2. Add a Filter to Short-Circuit the Request

This is the key fix. A OncePerRequestFilter at the highest priority intercepts /favicon.ico before it reaches any controller:

@Component
@Order(Ordered.HIGHEST_PRECEDENCE)
public class FaviconFilter extends OncePerRequestFilter {

    private byte[] faviconBytes;

    @Override
    protected void doFilterInternal(HttpServletRequest request,
                                     HttpServletResponse response,
                                     FilterChain filterChain) throws ServletException, IOException {
        if ("/favicon.ico".equals(request.getRequestURI())) {
            if (faviconBytes == null) {
                ClassPathResource res = new ClassPathResource("static/favicon.ico");
                if (res.exists()) {
                    faviconBytes = StreamUtils.copyToByteArray(res.getInputStream());
                } else {
                    response.sendError(404);
                    return;
                }
            }
            response.setContentType("image/x-icon");
            response.setHeader("Cache-Control", "max-age=604800");
            response.setContentLength(faviconBytes.length);
            response.getOutputStream().write(faviconBytes);
            return; // Skip the entire filter chain
        }
        filterChain.doFilter(request, response);
    }
}

Why a Filter instead of a dedicated @Controller? Because a controller still competes with the catch-all mapping for priority. Filters execute before the servlet layer entirely, so there's no ambiguity.

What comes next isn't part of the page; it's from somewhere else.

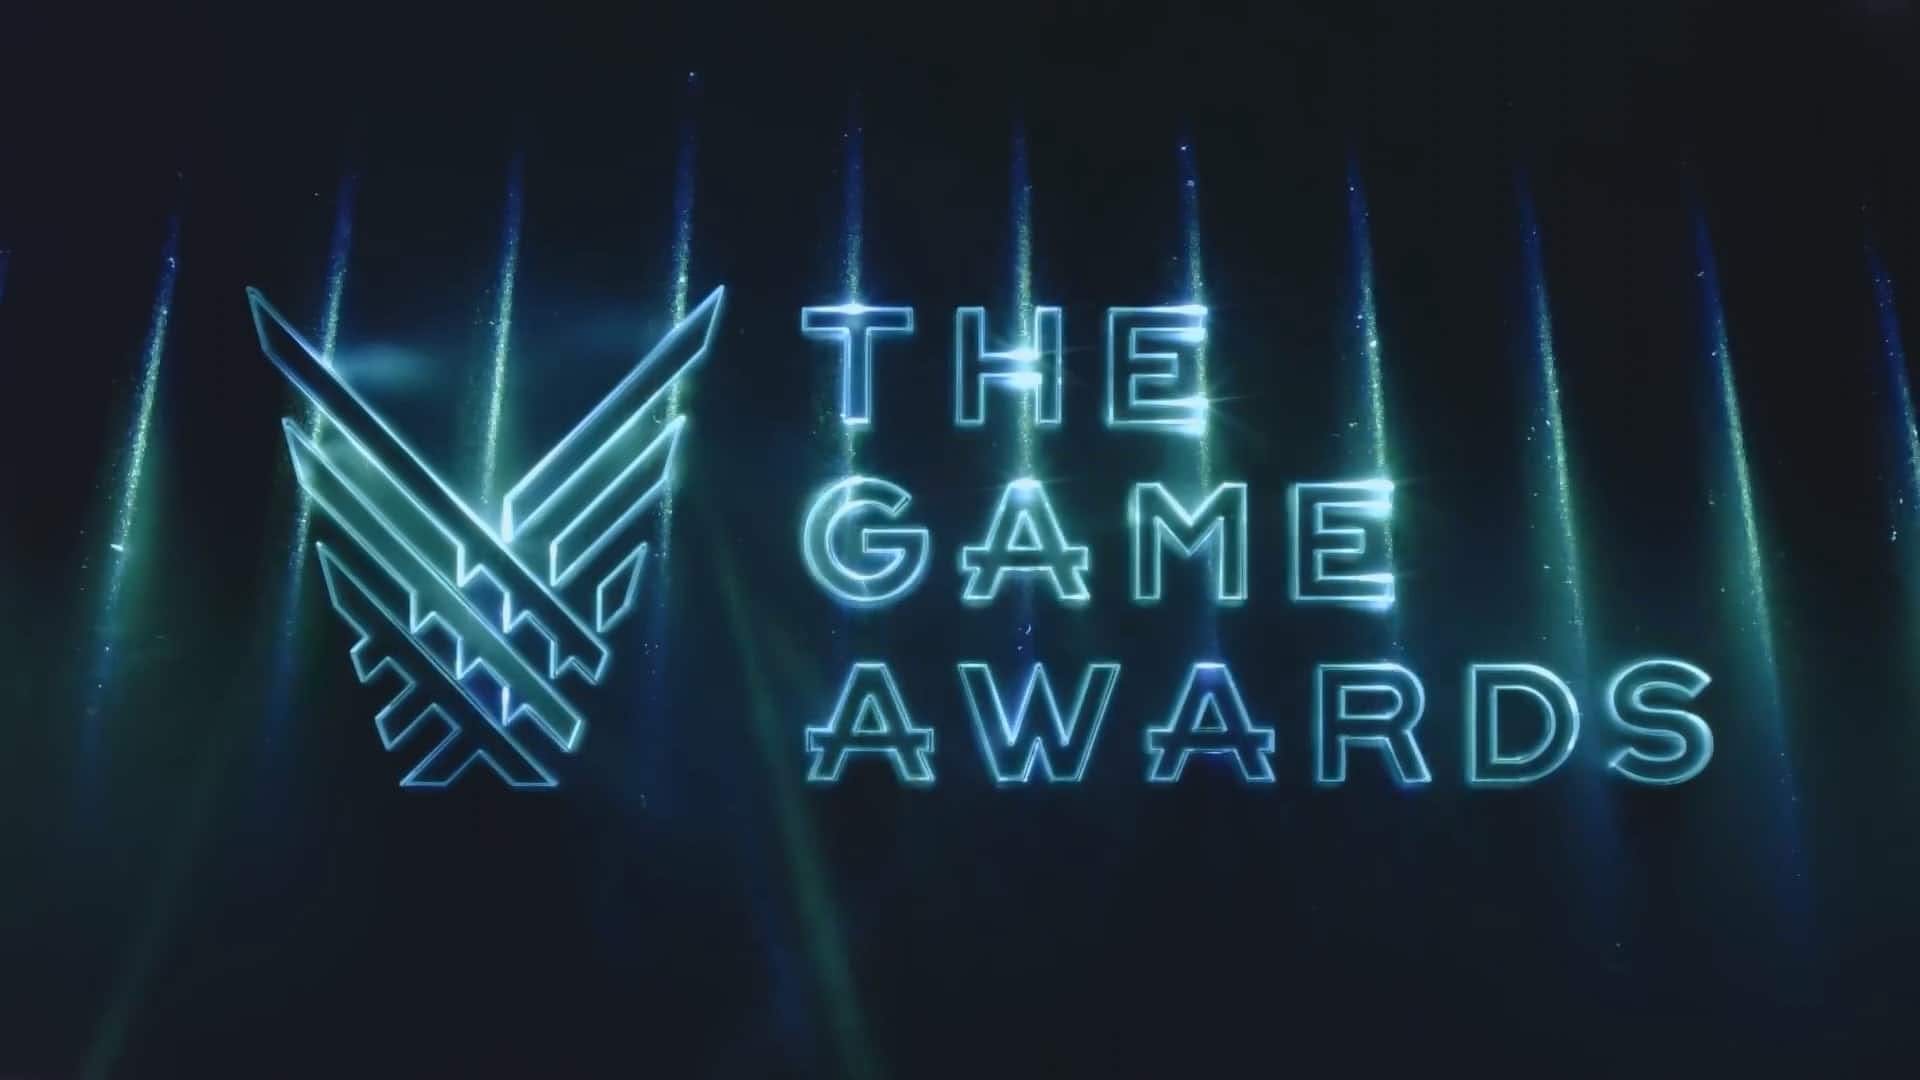 Sekiro has won Game Of The Year 2019 at The Game Awards

Other Files That Fall Into the Same Trap

If your app has a catch-all controller, robots.txt and sitemap.xml are likely affected too. You can extend the filter to handle all root-level static files, or serve them from Apache before the request ever reaches Tomcat:

Alias /favicon.ico /var/www/html/favicon.ico
ProxyPass /favicon.ico !

The Takeaway

When a static file returns 404 on a deployed server, don't just check if the file exists. Trace which handler is actually processing the request. The request lifecycle in Spring — Security → Filter → Interceptor → Controller — has multiple layers where things can go wrong. In this case, the file was there all along. The request just never reached the code that serves it.